Эта долгая война. Александр Волог
доложить о событиях, в которых я принимал непосредственное участие, так как другие участники этих событий, которые могли бы о них рассказать, насколько мне известно, погибли в боях (зачёркнуто).
Считаю необходимым доложить об известных мне событиях, которые, как мне представляется, могут иметь важное значение (зачёркнуто).
* * *
Далее – стопка листов писчей бумаги стандартного формата, рыхлой, изначально сероватой и пожелтевшей от времени. Написано перьевой авторучкой, чернила синие, выцветшие. Листы пронумерованы в левом верхнем углу.
***
1. Первый раз я хотел написать обо всём этом спустя 3 месяца, когда мы вели затяжные бои на вяземском направлении, где был убит наш ротный, старший лейтенант Плотников. Может, с того я и собрался написать. А может, потому, что завтра снова надо было вести взвод на чёртову высоту 216, где уже много народу полегло, и откуда запросто мог не вернуться. А может, просто, как-то всё это отошло и уже не казалось таким невероятным. Подавать о таком рапорт по команде было бы вовсе дико. Решил написать комиссару (о нём в полку уважительно отзывались) и перед боем отдать политруку – пусть сам сообразит, если что. Политрук этот к нам как раз в ту самую ночь прибыл и, несмотря на незаконченное высшее образование, был ещё жив. Об этом деле он так и не узнал, а говорить с ним про такое я не мог – очень уж он был учёный и политически грамотный. Только я начал писать в уголке землянки при коптилке, прибегает связной – вызывают на ротный КП, мол, приказано выйти на связь с батальоном. Побежал я, телефонист меня соединил, комбат наш, капитан Хопёрский на проводе. Говорит – принимай роту. И с ходу мне боевую задачу на завтра ставит. Я чуть ошалел, однако выслушал, даже один вопрос задал. Говорю – есть! Сходил за вещичками, вызвал взводных, дал приказ на завтра.

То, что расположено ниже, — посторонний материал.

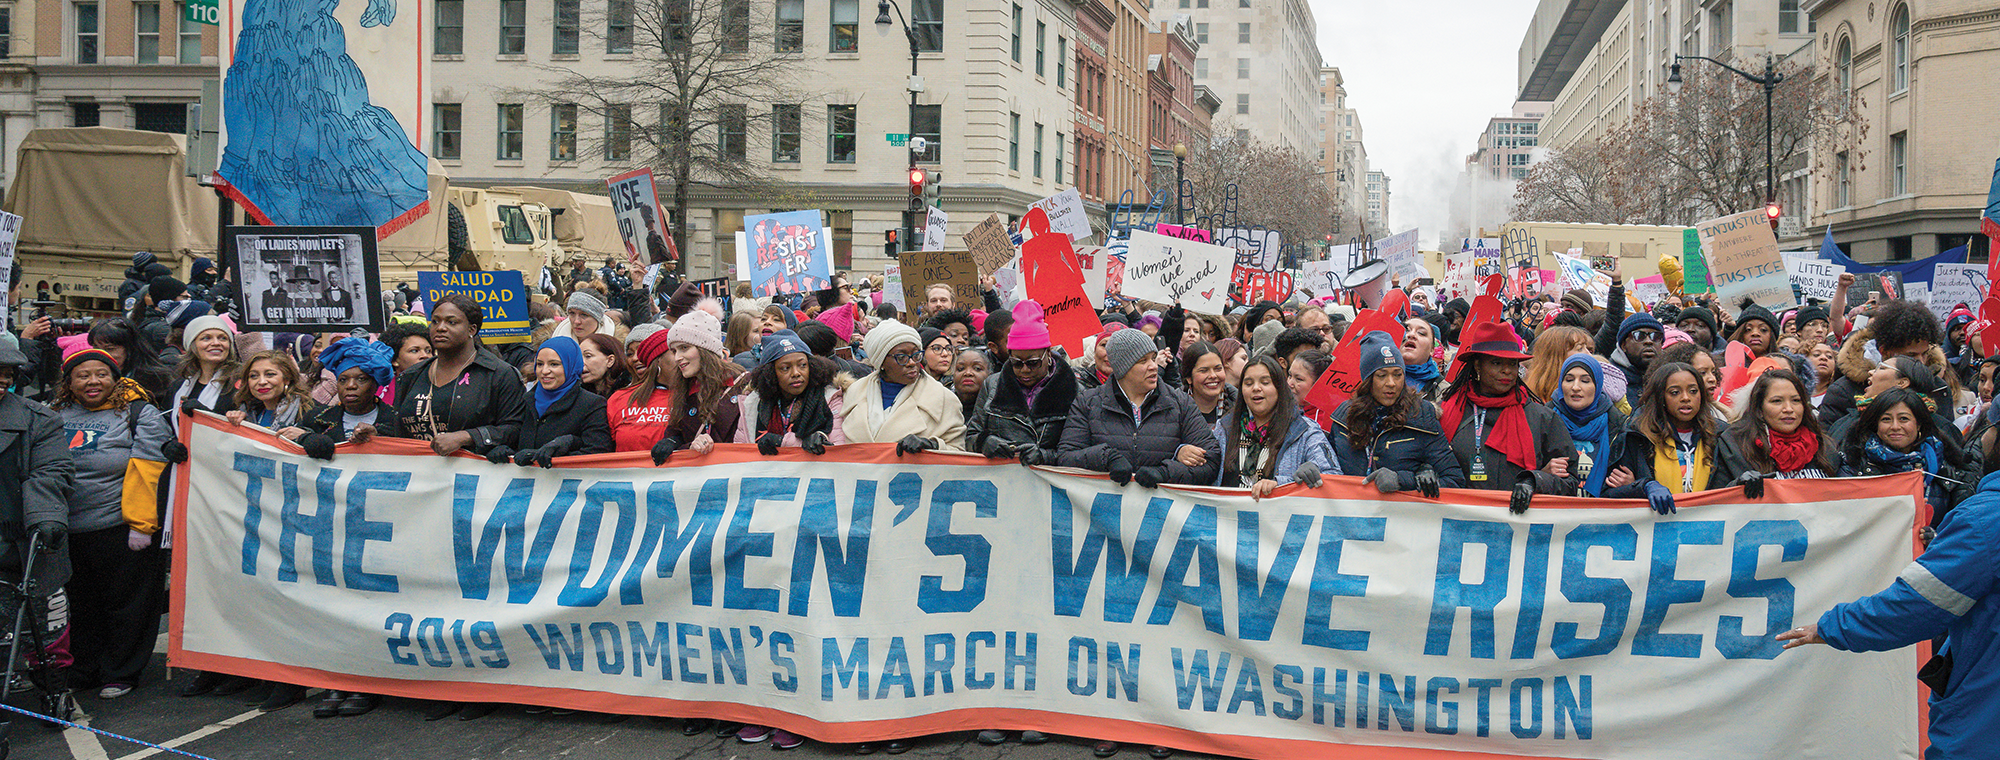 Marchers carrying the 'women's wave' sign at the 2019 Women's March, Washington, DC. Image: Mobilus In Mobili, Flickr

Тут навалилось на меня и всё ротное хозяйство. А из боёв мы ещё неделю не вылезали, всё высоту 216 добывали. Комбат жал, и на него, видно, жали, а нам только на немца оставалось жать, но плохо получалось. Наконец, наверху сделали выводы, посадили нас в оборону. Думали, малость передохнём, но тут нагрянула из дивизии инспекция – почему, мол, нет успехов. Всем дали вздрючку, соответственно должности, и велено было ежедневно проводить ученья по штурму укреплённых высот, и чтоб все командиры участвовали и не отлынивали. Потом интенданты приехали – считать валенки и портянки. Не успели проводить – новая инспекция, уже армейская. Ну, эти в роты не появлялись, да и в батальоны тоже. Посмотрели, говорят, строевые ведомости в полках, покачали головами, и скоро пришёл приказ вывести дивизию во второй эшелон. Вроде бы и неплохо оно, да со всем тем столько хлопот было, что я о своём рапорте напрочь забыл.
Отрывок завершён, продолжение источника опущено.